*COLLECTED MATERIAL:*
::::::::::

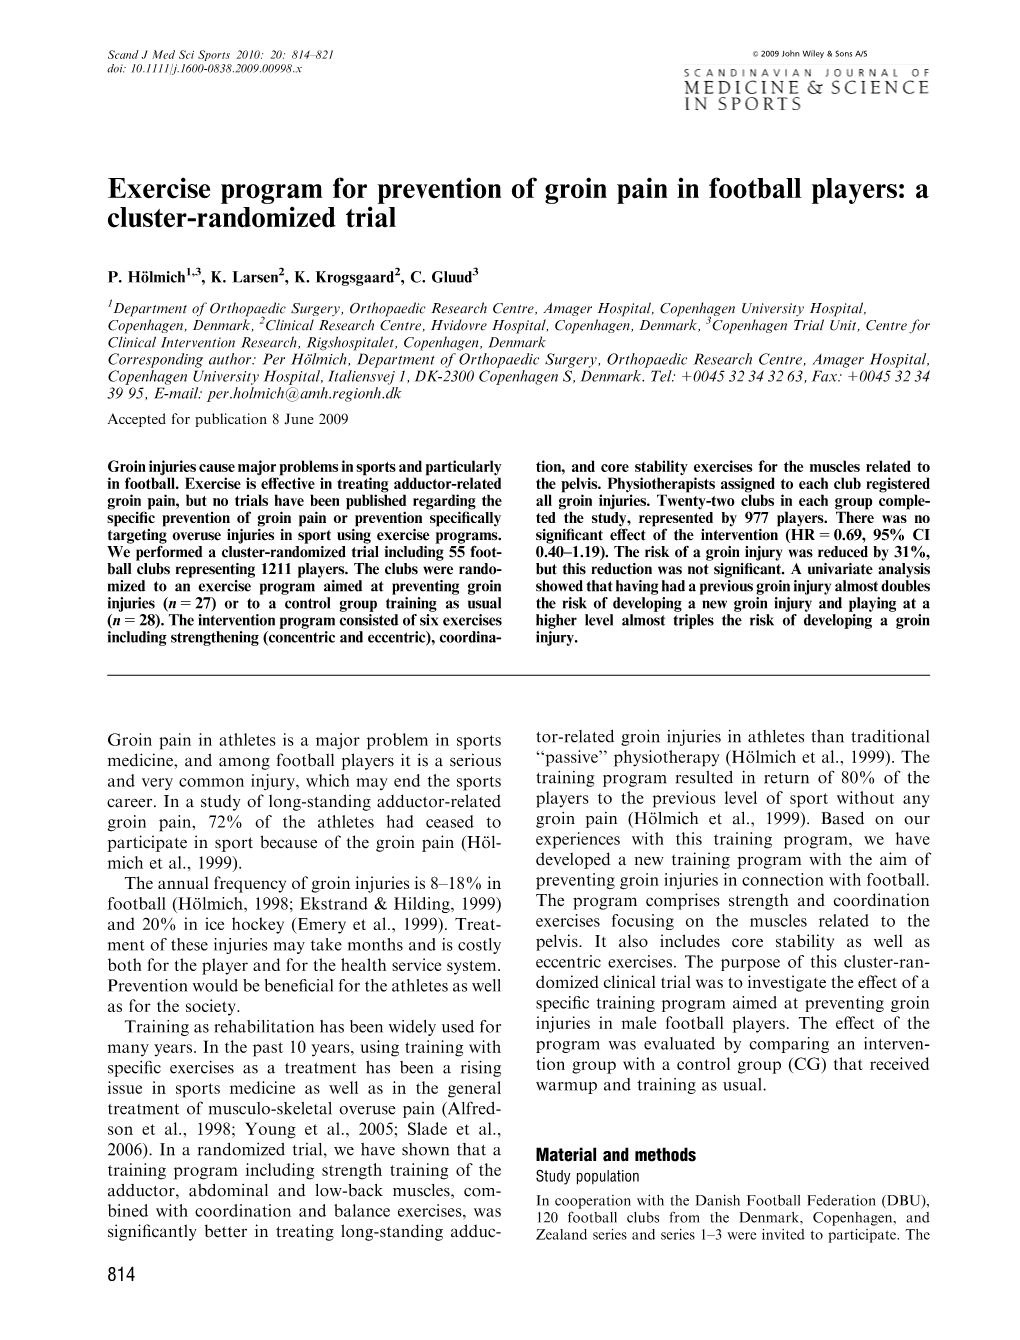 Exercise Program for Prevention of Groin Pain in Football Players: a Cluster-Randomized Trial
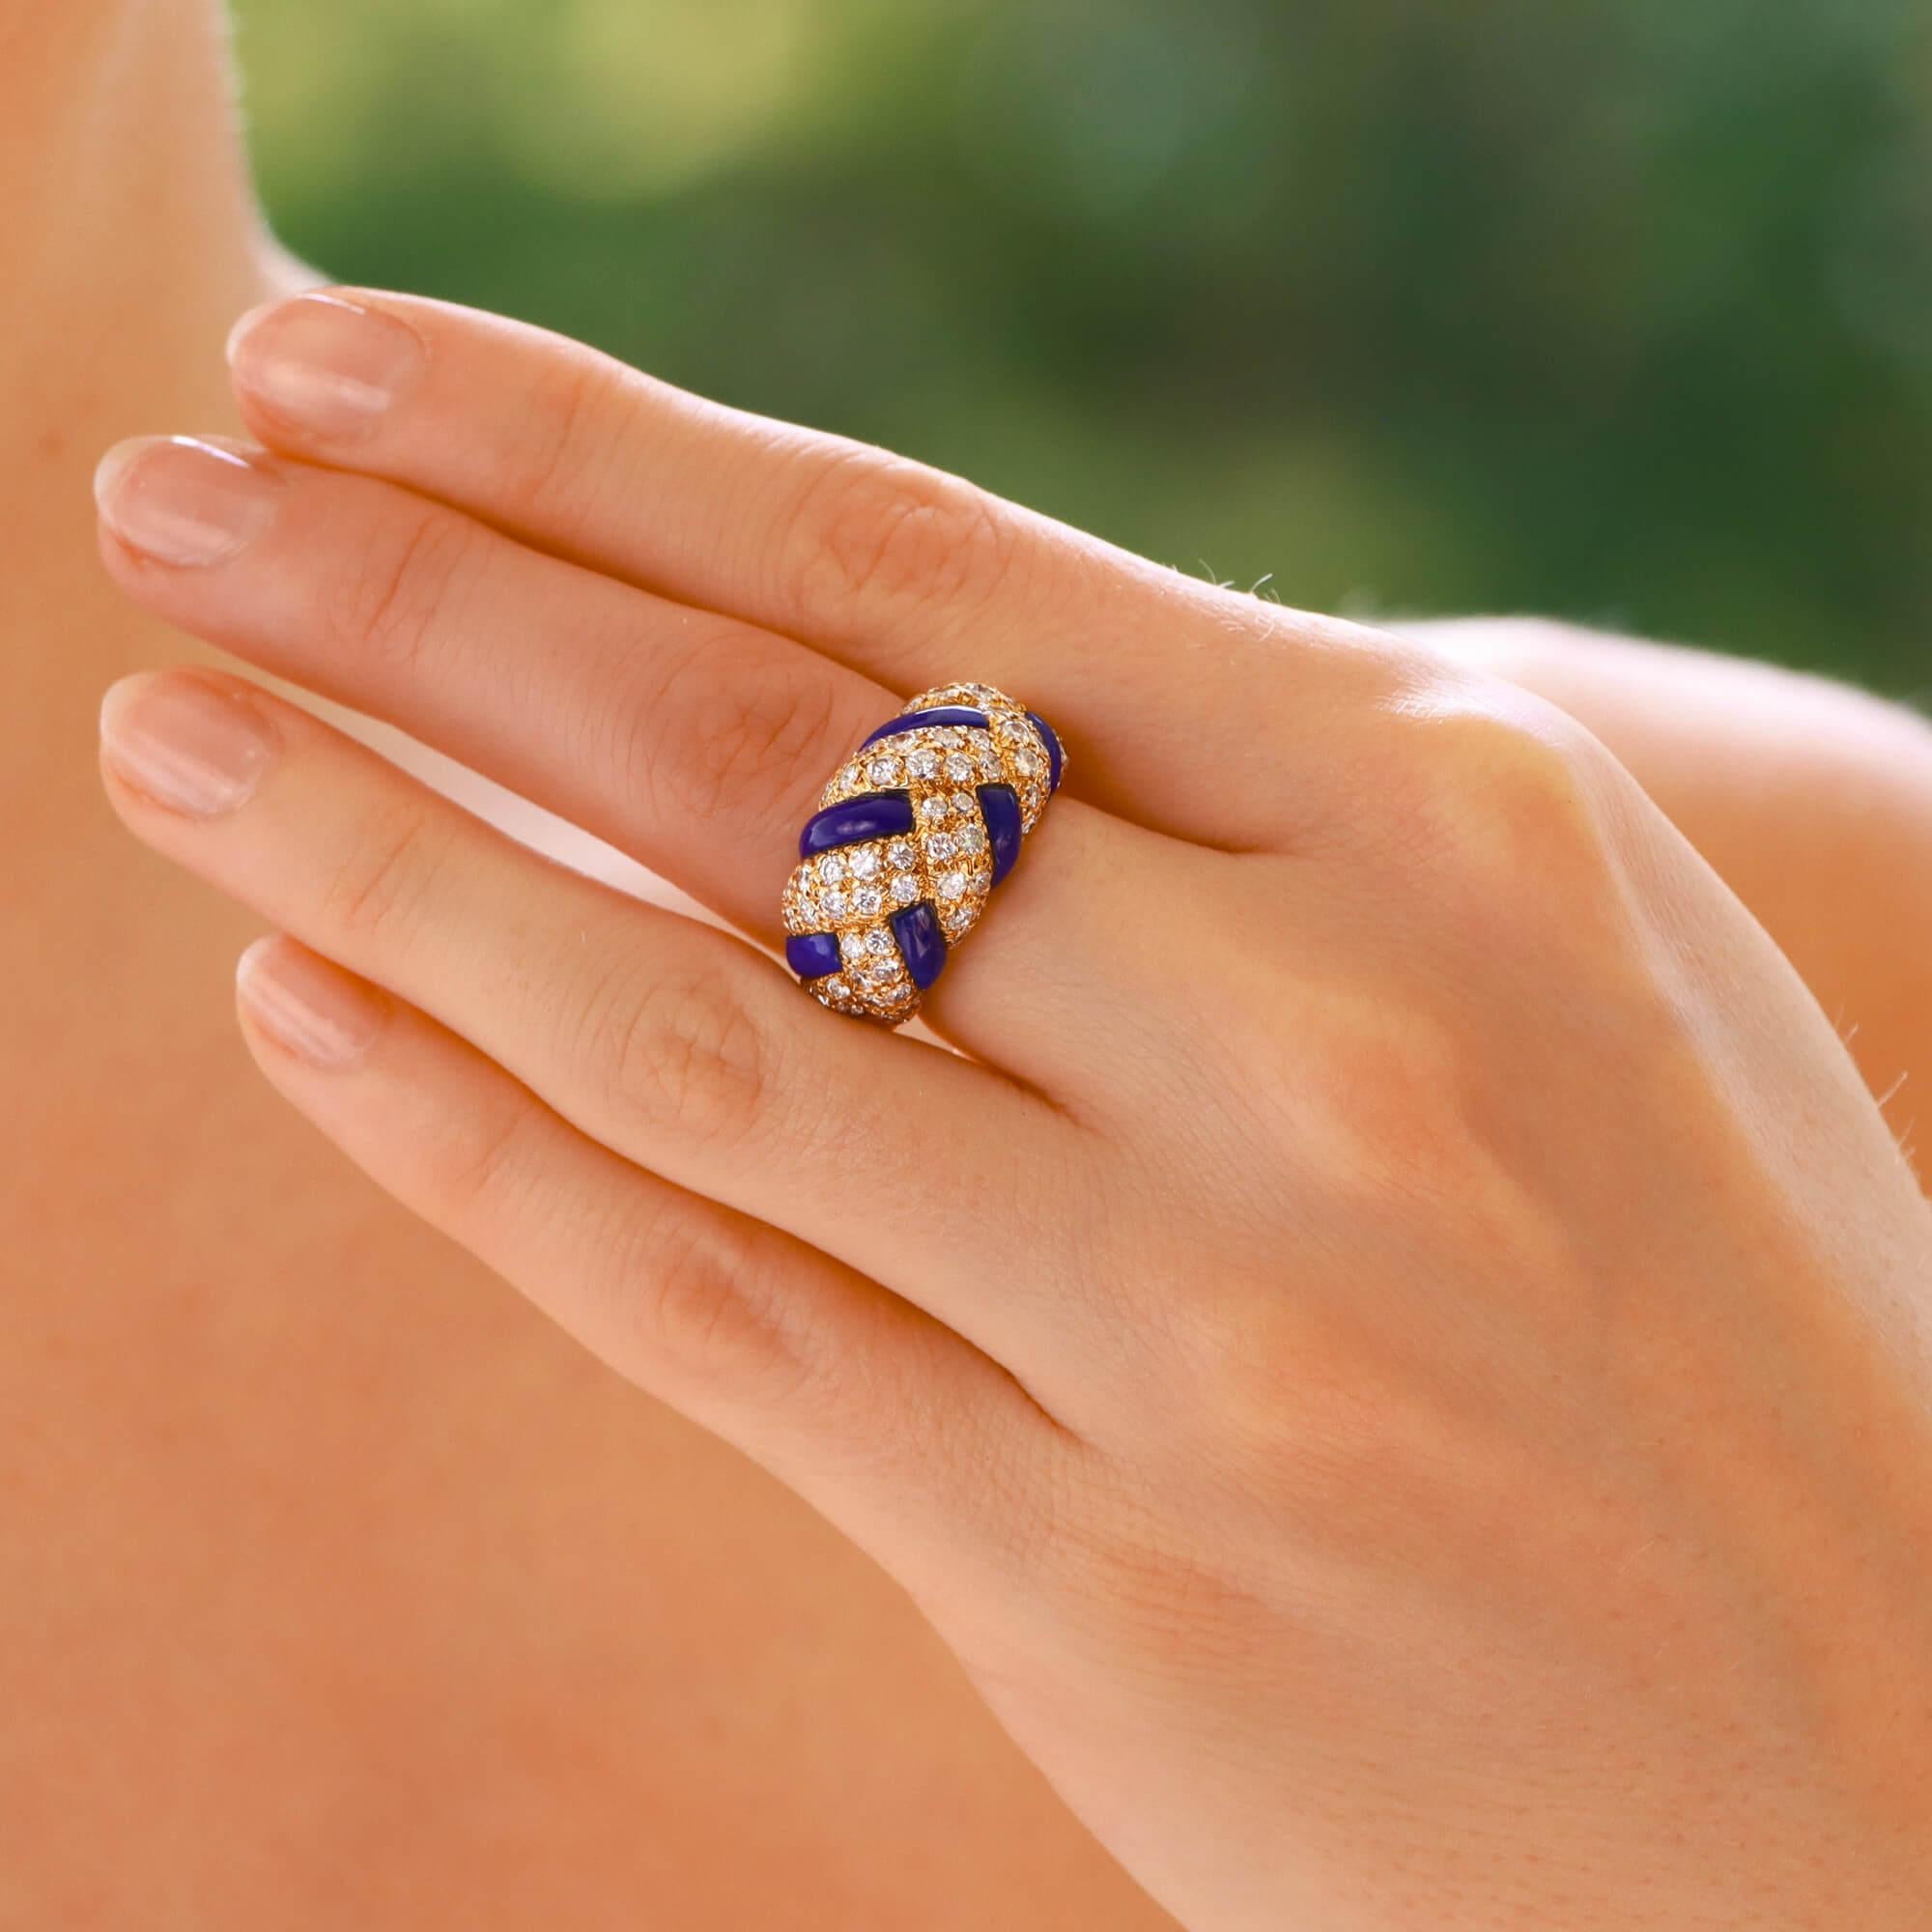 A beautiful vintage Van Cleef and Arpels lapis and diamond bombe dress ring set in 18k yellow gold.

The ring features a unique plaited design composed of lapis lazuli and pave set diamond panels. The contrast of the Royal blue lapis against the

::::::::::

*YOUR GOAL:*
Only what runs from the line with "A beautiful vintage" through the last line of the listing above belongs in the answer, set down exactly and free of pictures.

*PROBLEM SOLUTION:*
 A beautiful vintage Van Cleef and Arpels lapis and diamond bombe dress ring set in 18k yellow gold.

The ring features a unique plaited design composed of lapis lazuli and pave set diamond panels. The contrast of the Royal blue lapis against the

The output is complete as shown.